Strings and Runes and Bytes
Overview
Golang has two representation type for strings bytes(UTF-8) and runes. For first 128 characters, UTF-8 and ASCII code share the same codes. UTF-8 is not just the decimal representation of the Unicode code point. They just met till a certain character number.(128 characters) Beyond that character they become different.
Caveat Golang uses word byte but it is using (UTF-8 representation)!

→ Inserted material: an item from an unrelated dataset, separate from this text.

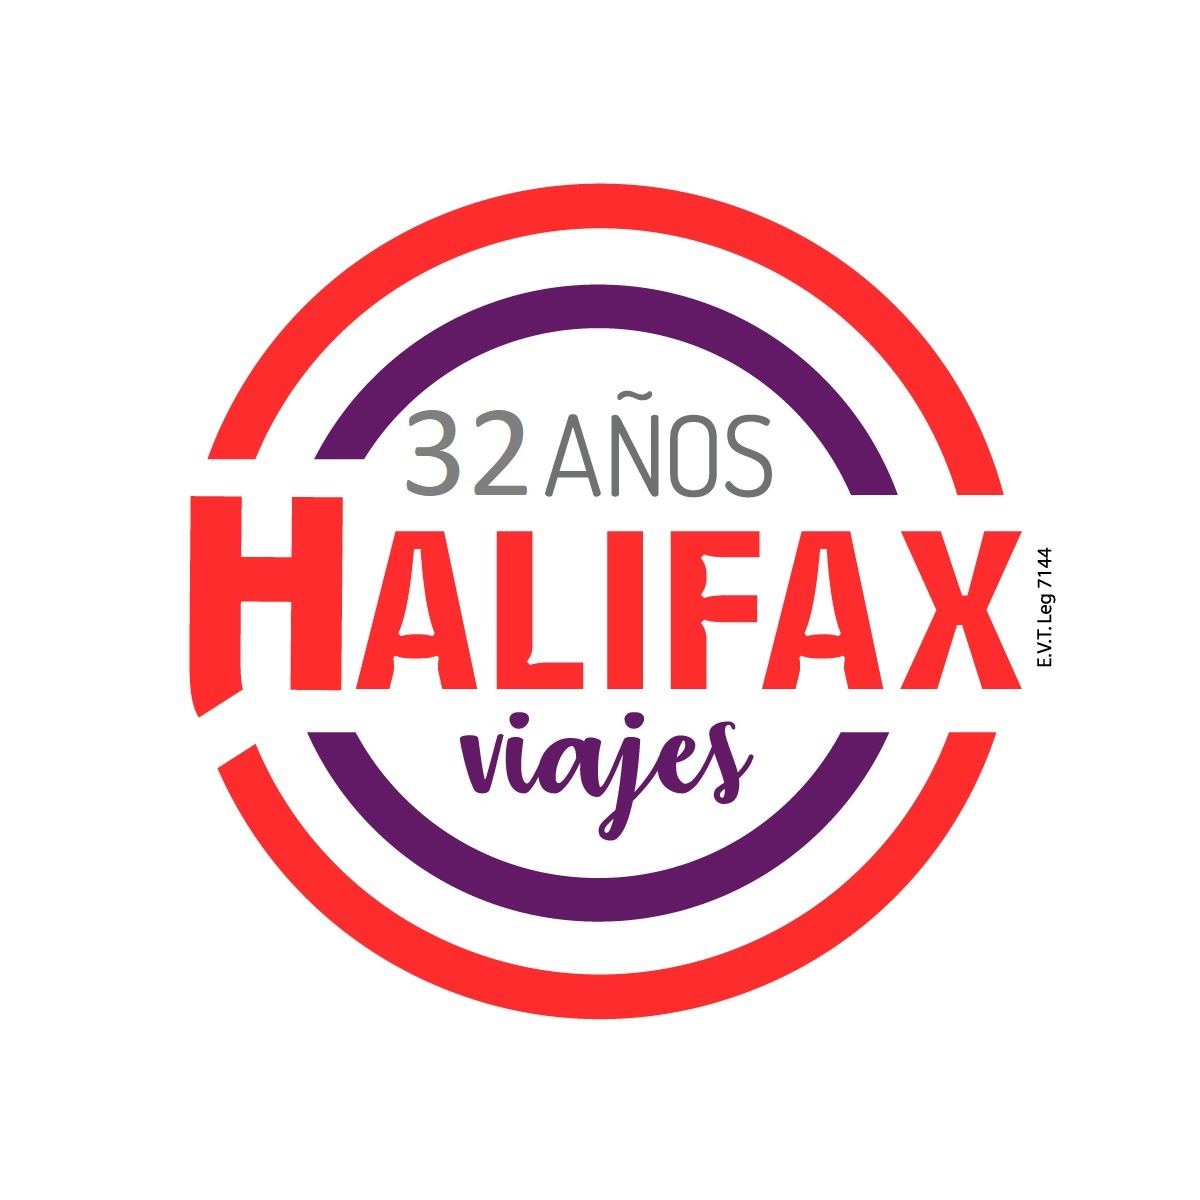 Halifax Viajes

UTF-8 byte representations
0xxxxxxx - 1-byte representation 110xxxxx - 2-bytes representation 1110xxxx - 3-bytes representation 11110xxx - 4-bytes representation 10xxxxxx - Continuous byte
How UTF-8 works to show character
UTF-8 bytes ↓ Strip the prefix bits (110, 10, etc) ↓ Combine the remaining data bits ↓ That gives you the Unicode code point ↓ Look up the character
Example
é = U+00E9 = decimal 233
233 in binary = 11101001
Does it fit in byte format? for 1 byte UTF-8
it won't fit.
So use two bytes UTF-8
110xxxxx 10xxxxxx
seprate the 233 in binary into
11 101001 like this
add those binary to UTF-8 2 byte binary format
11000011(11 added) 10101001(101001 added)
So it became like that
convert those UTF-8 2 bytes binary format to decimal
195 169
To get a certain Unicode code point
Starts with 110 → "This is a 2-byte character"
Computer reads byte `C3` = `11000011`
Read next byte too: A9 = 10101001
Strip prefixes
11000011 10101001
^^^ ^^
110 10 ← prefixes, throw away
Remaining data bits: 00011 + 101001 = 00011101001 = 233 decimal = E9 hex
Look up Unicode code point
U+00E9 = é
Runes
So basically, Runes are direct decimal representation of Unicode Code Point. for example
é = U+00E9 = decimal 233
r:= []rune("é")
output of r[0] will be 233
s := "Aé😊"
// String (UTF-8 bytes):
// A = 1 byte (65)
// é = 2 bytes (195, 169)
// 😊 = 4 bytes (240, 159, 152, 138)
len(s) = 7 // total bytes
// Runes (code points):
r := []rune(s)
// r[0] = 65 (A)
// r[1] = 233 (é)
// r[2] = 128522 (😊)
len(r) = 3 // 3 actual characters
Memo
Most data in Go is read and written as a sequence of bytes, so the most common string type conversions are back and forth with a slice of bytes. Slices of runes are uncommon.